- **DIRECTIONS**: Output each line of the listing exactly, though pictures are not to appear.
(Beginning of DATA EXTRACT)
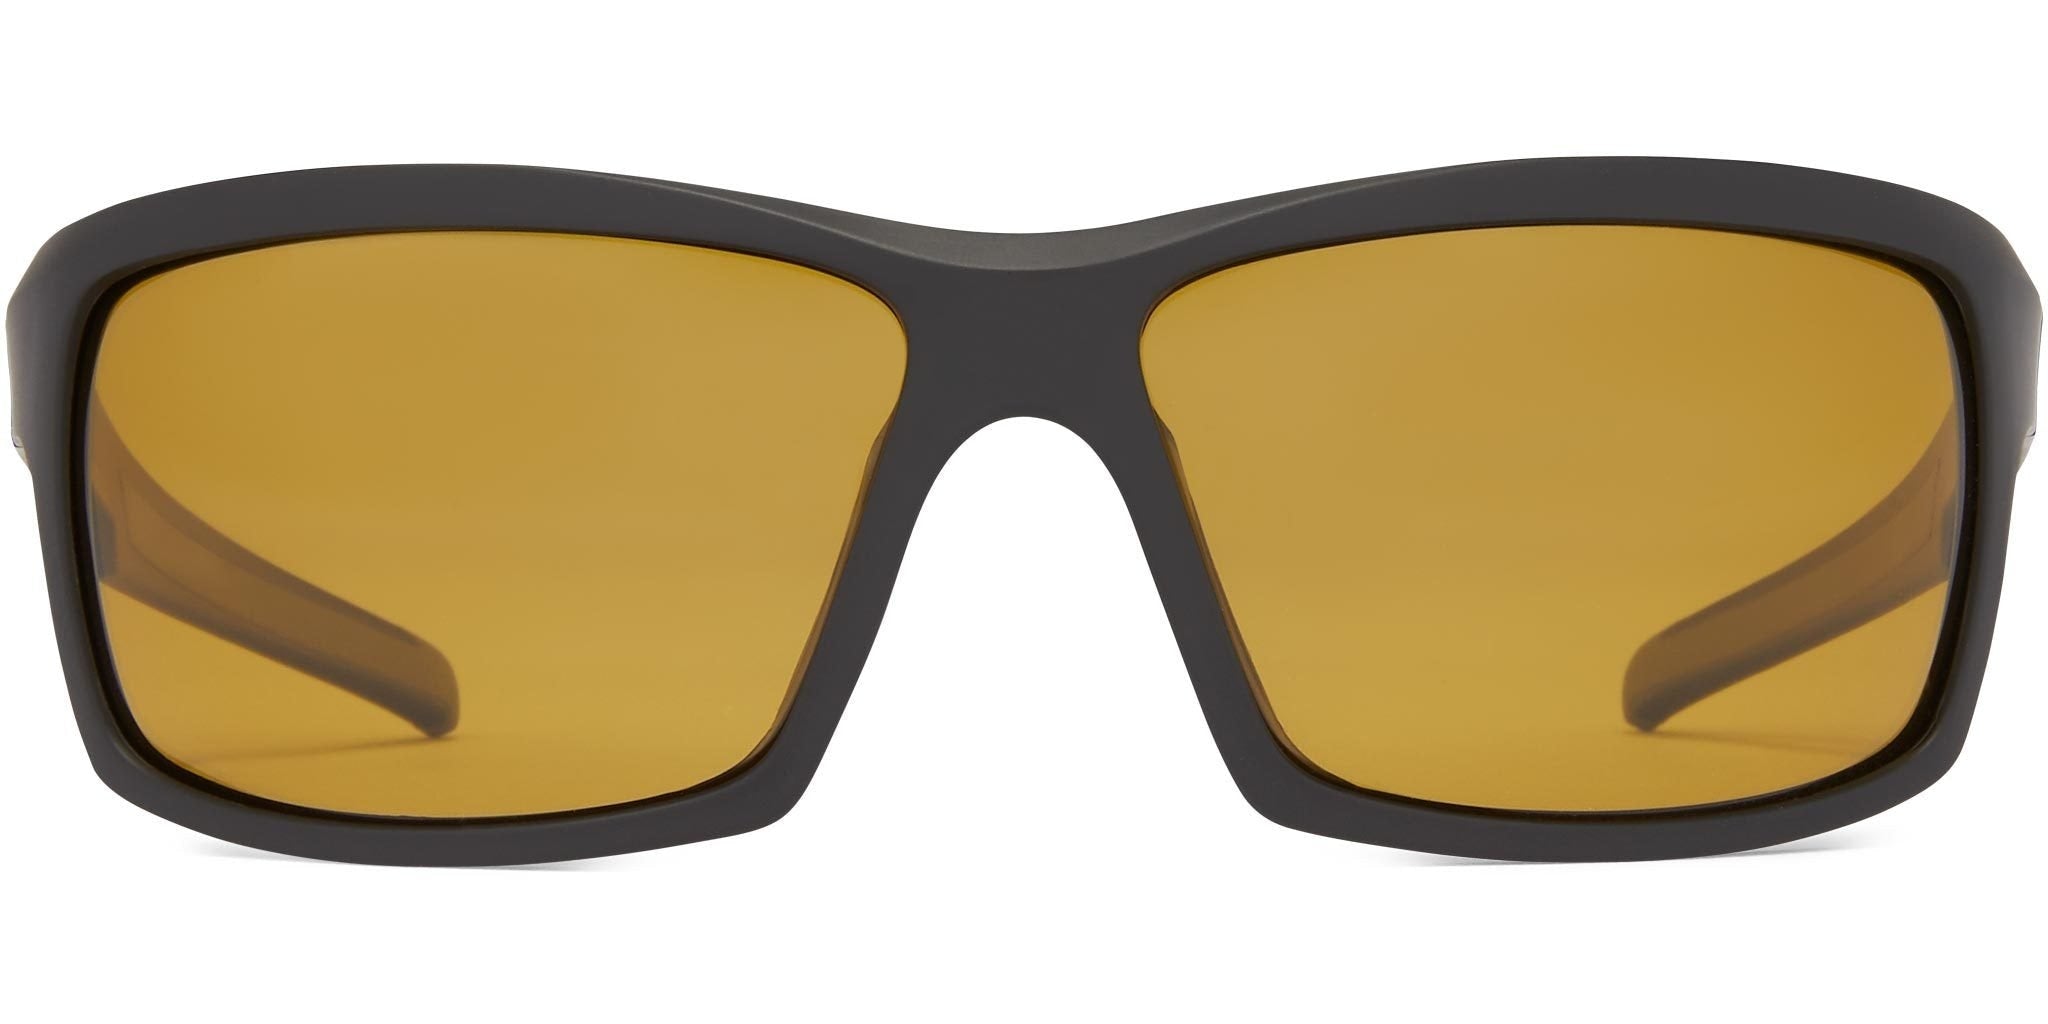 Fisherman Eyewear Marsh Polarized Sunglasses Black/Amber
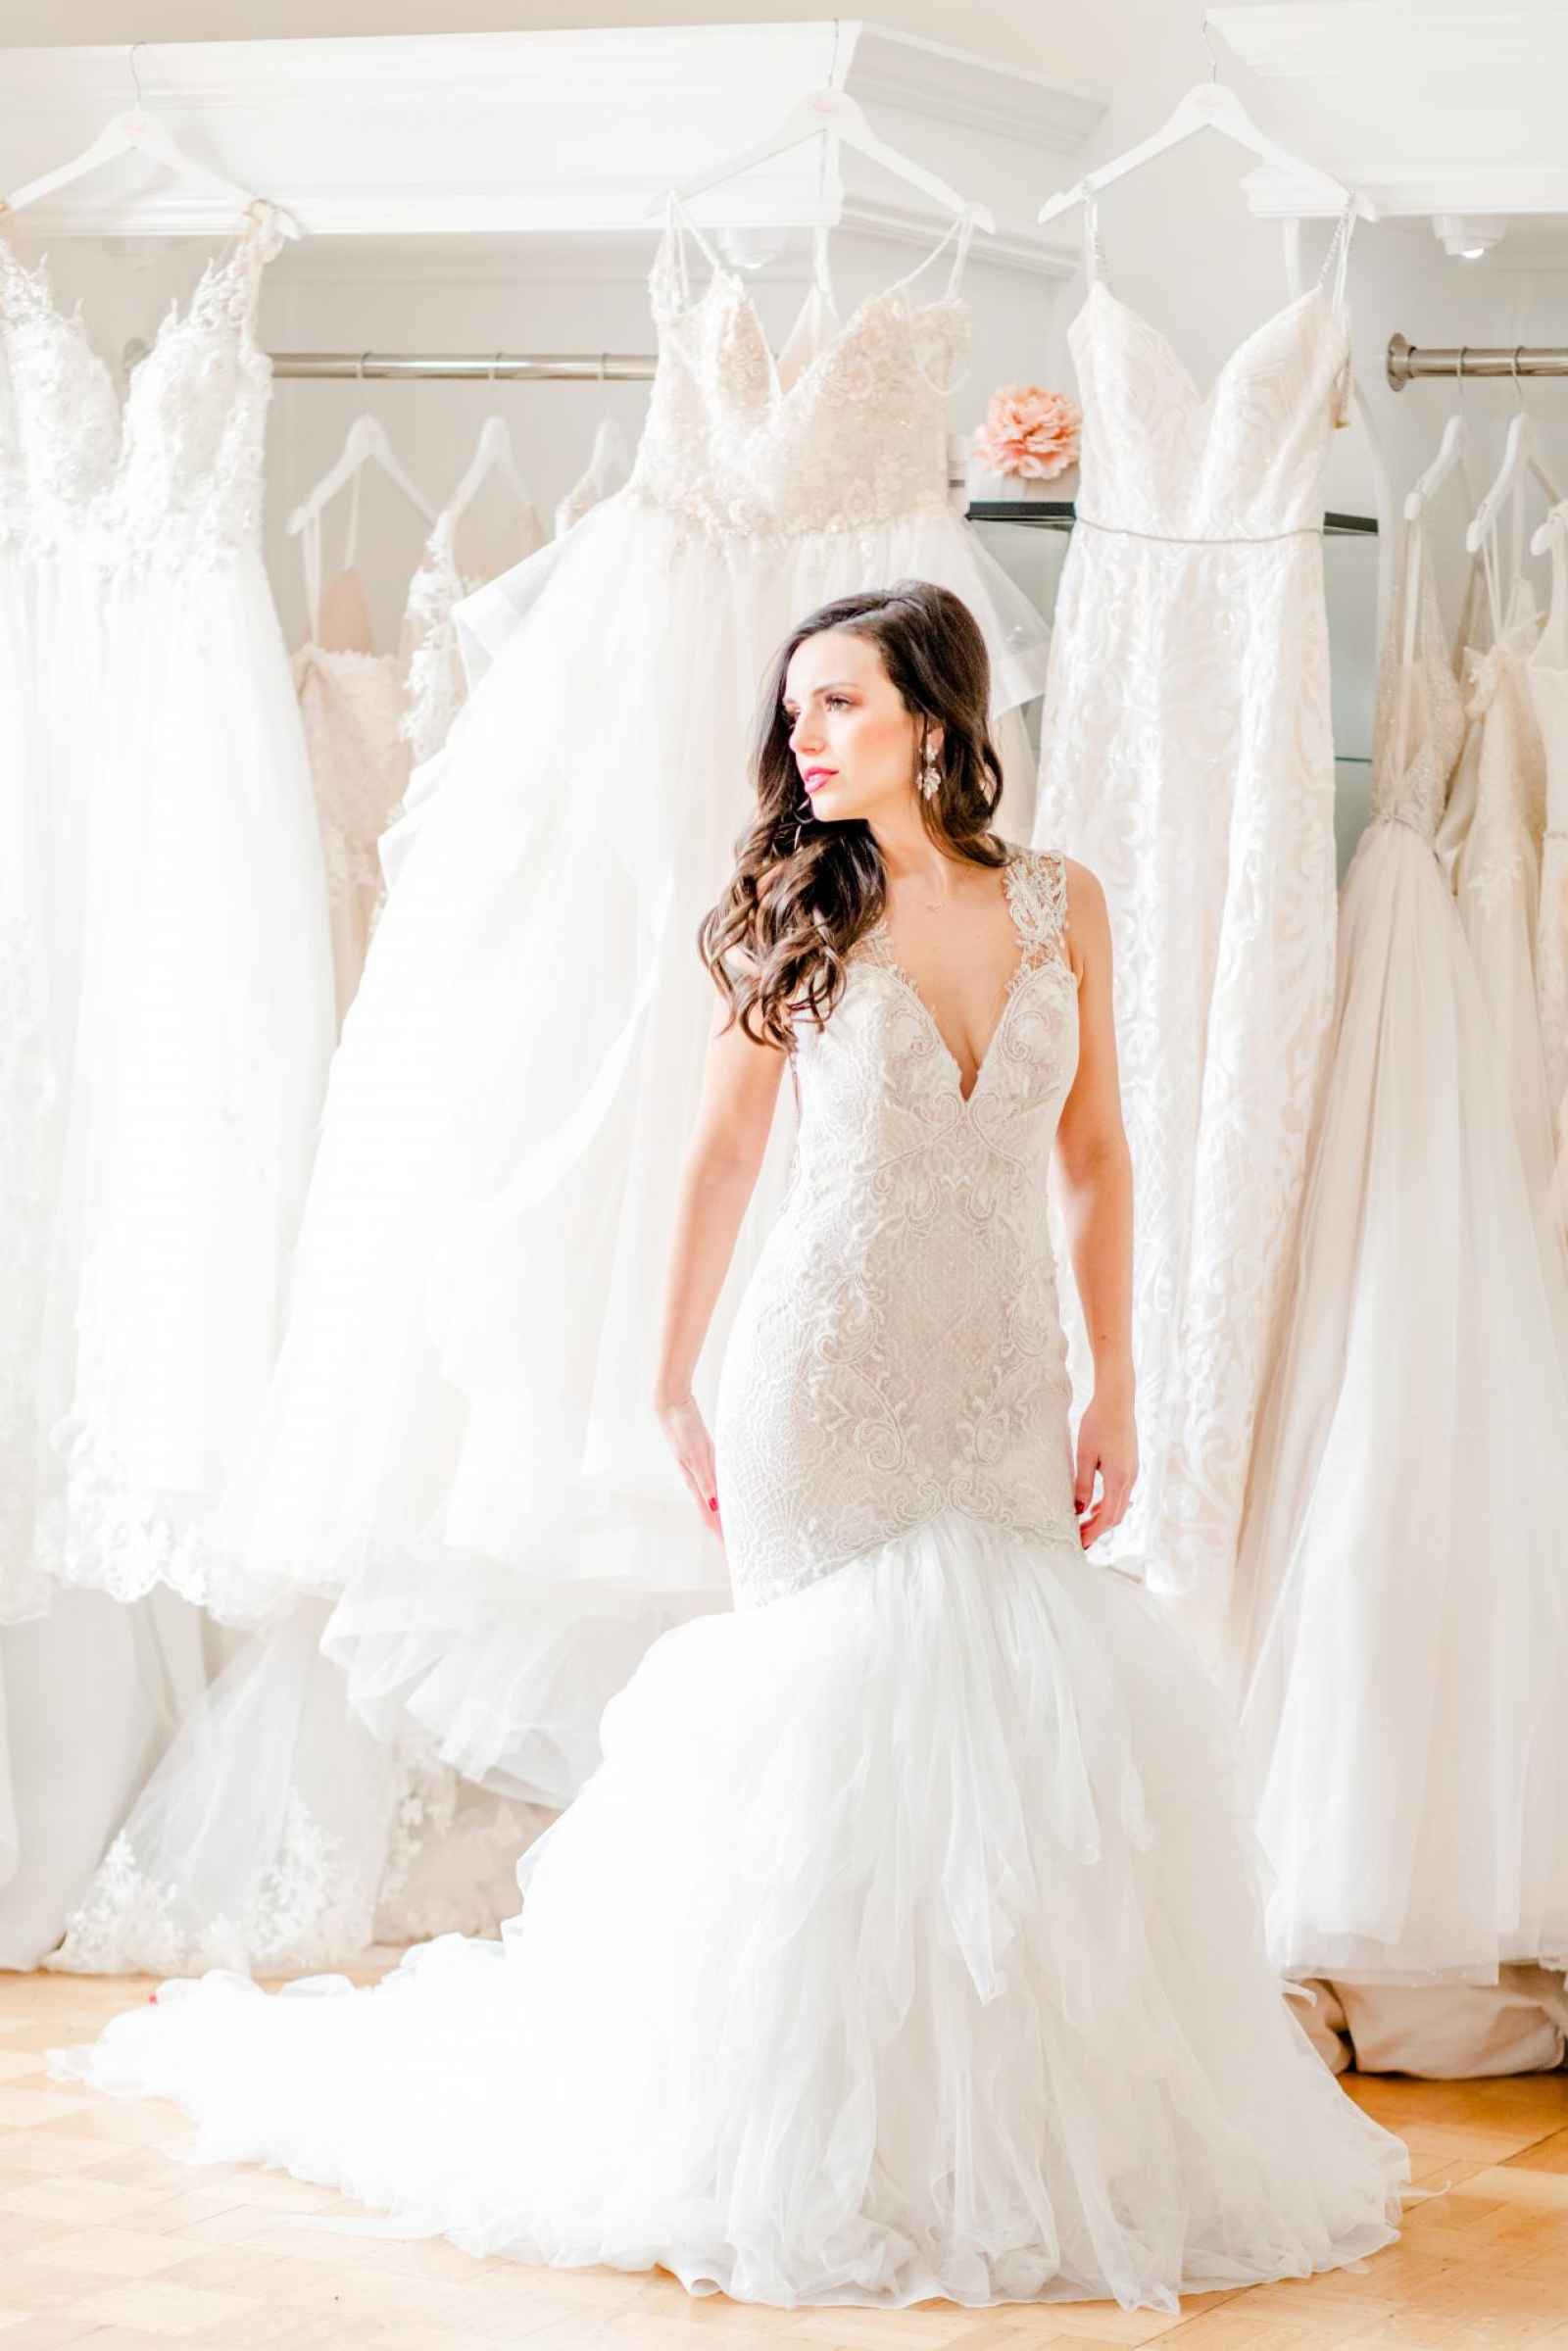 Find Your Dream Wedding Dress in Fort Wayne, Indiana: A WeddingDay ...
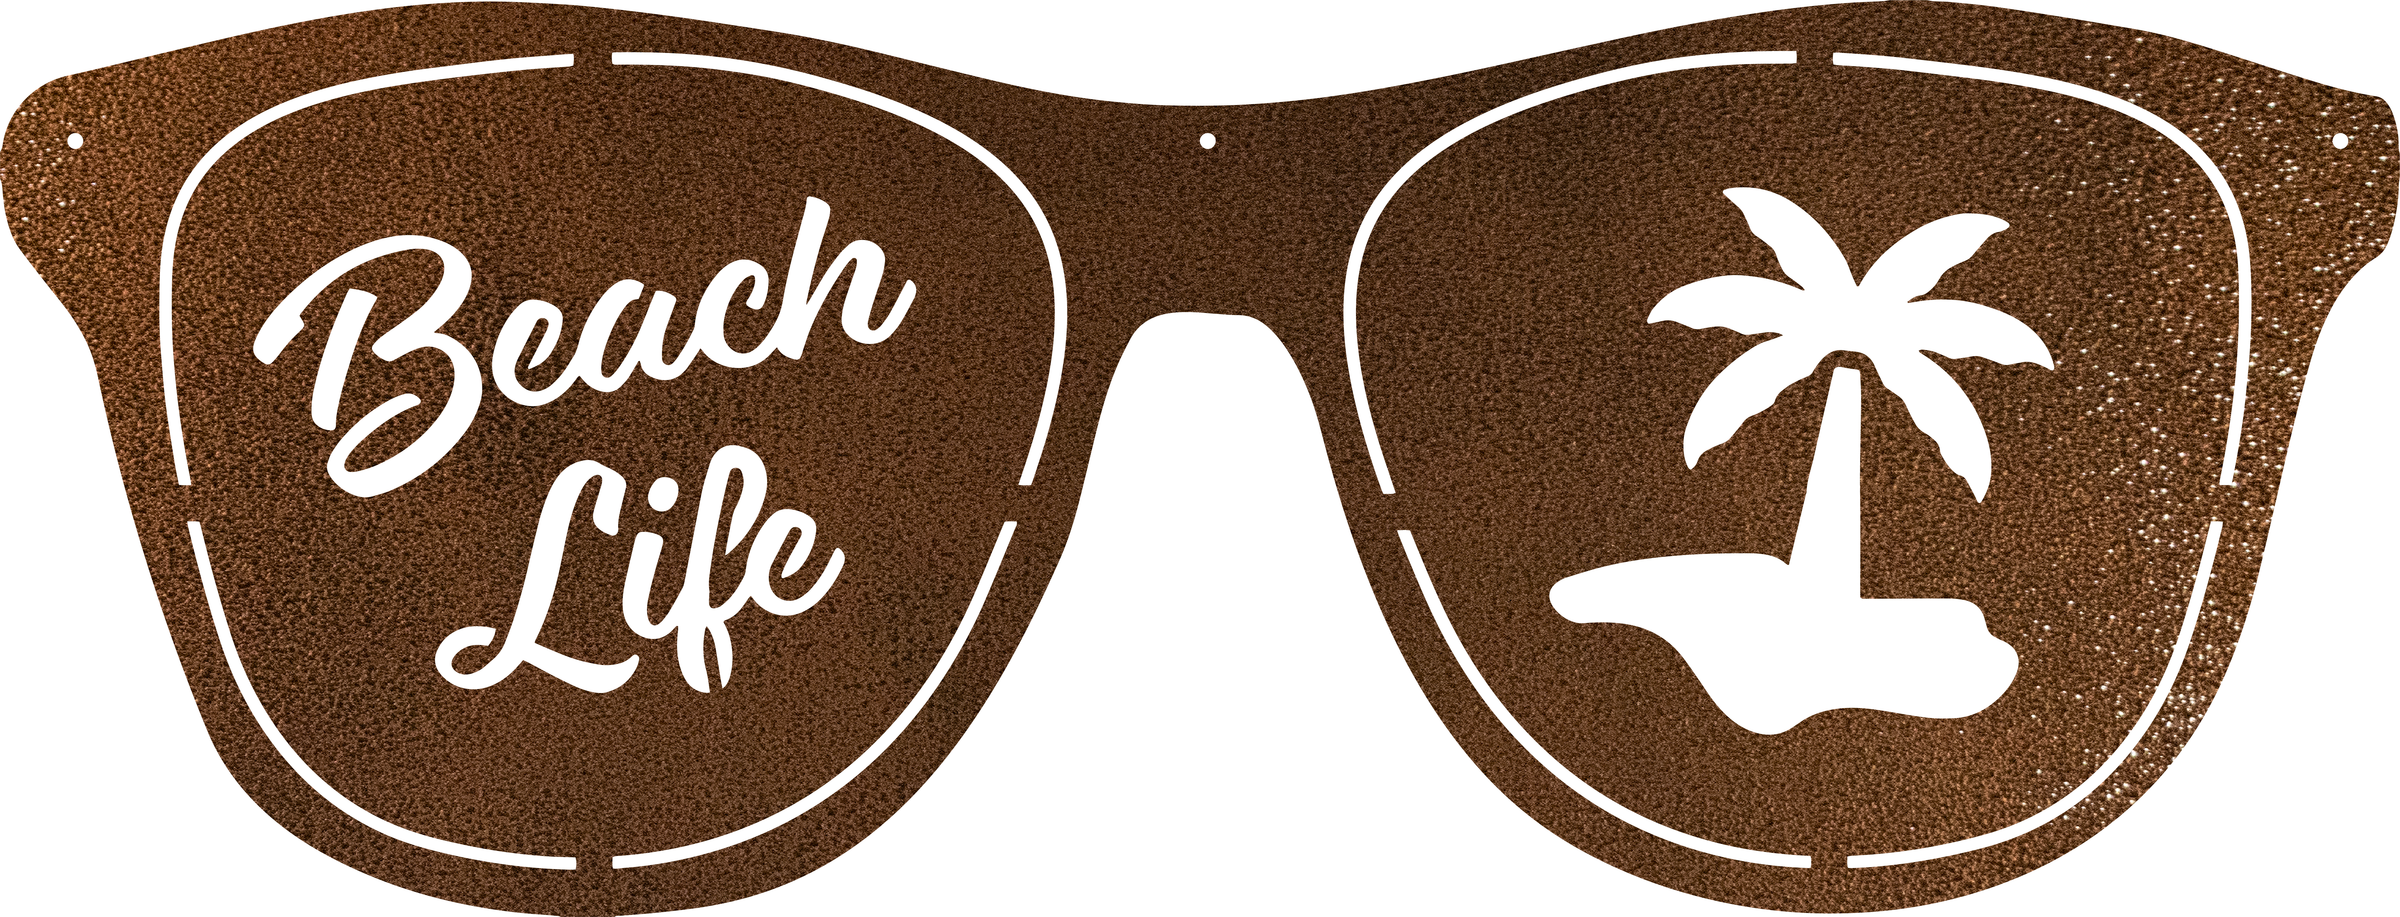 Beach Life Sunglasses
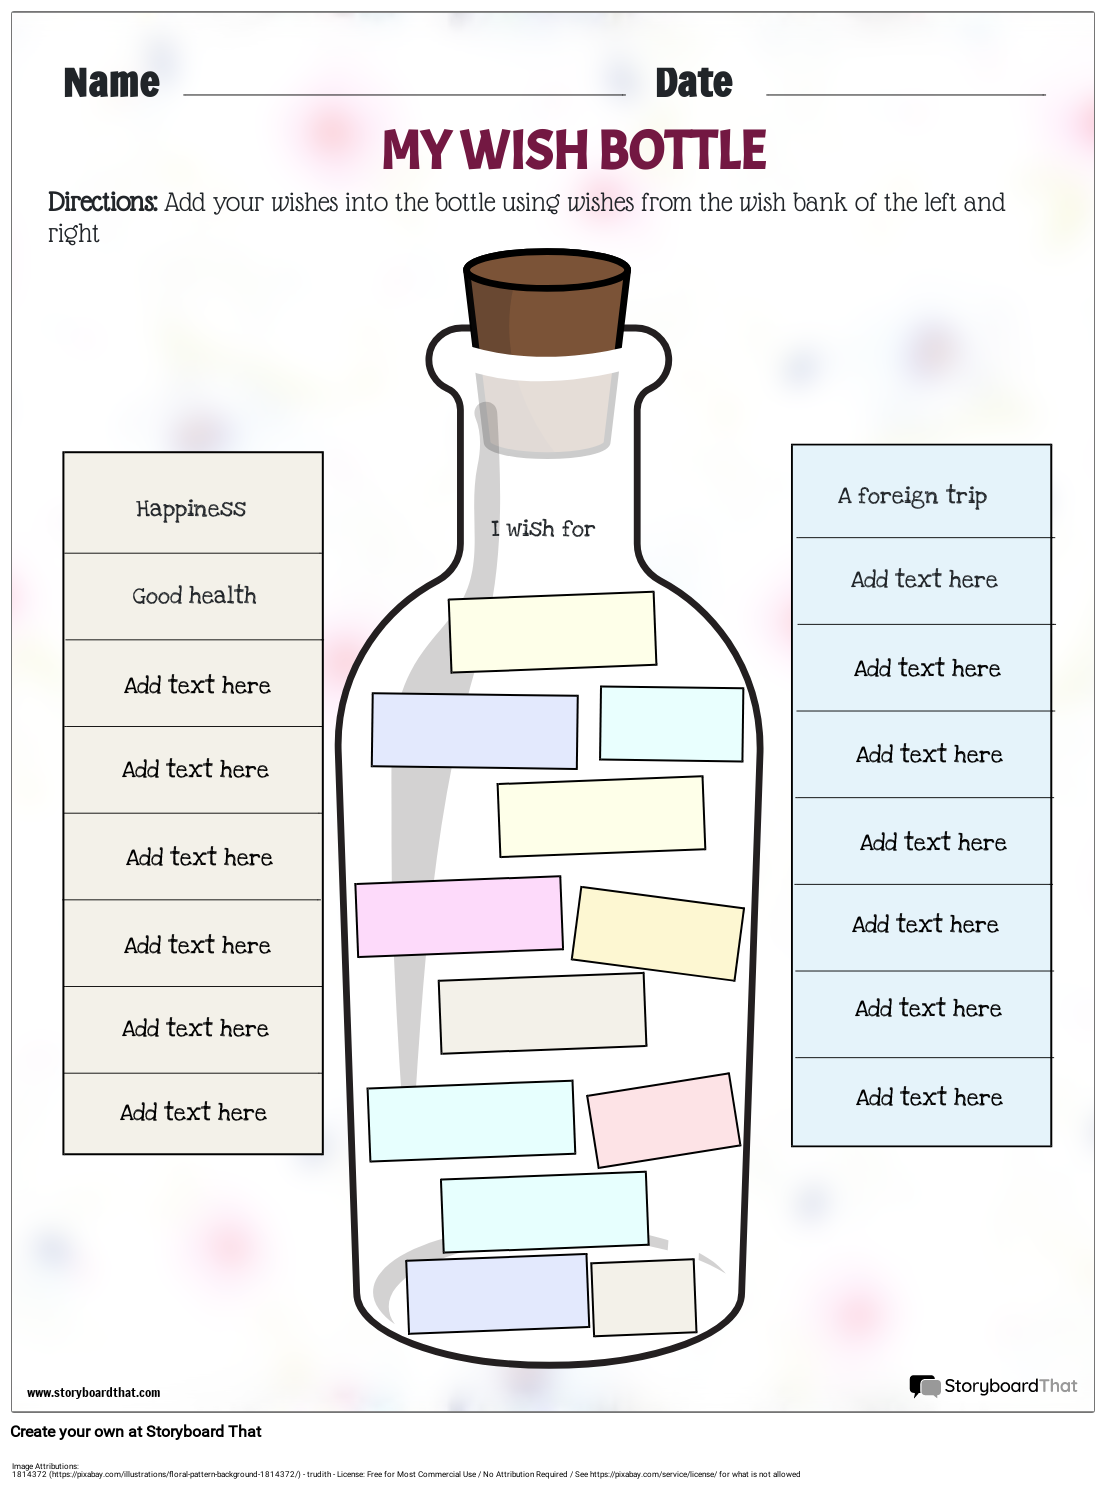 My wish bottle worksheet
(End of DATA EXTRACT)
- **RESPONSE TO THE EXERCISE**:
 Fisherman Eyewear Marsh Polarized Sunglasses Black/Amber
 Find Your Dream Wedding Dress in Fort Wayne, Indiana: A WeddingDay ...
 Beach Life Sunglasses
 My wish bottle worksheet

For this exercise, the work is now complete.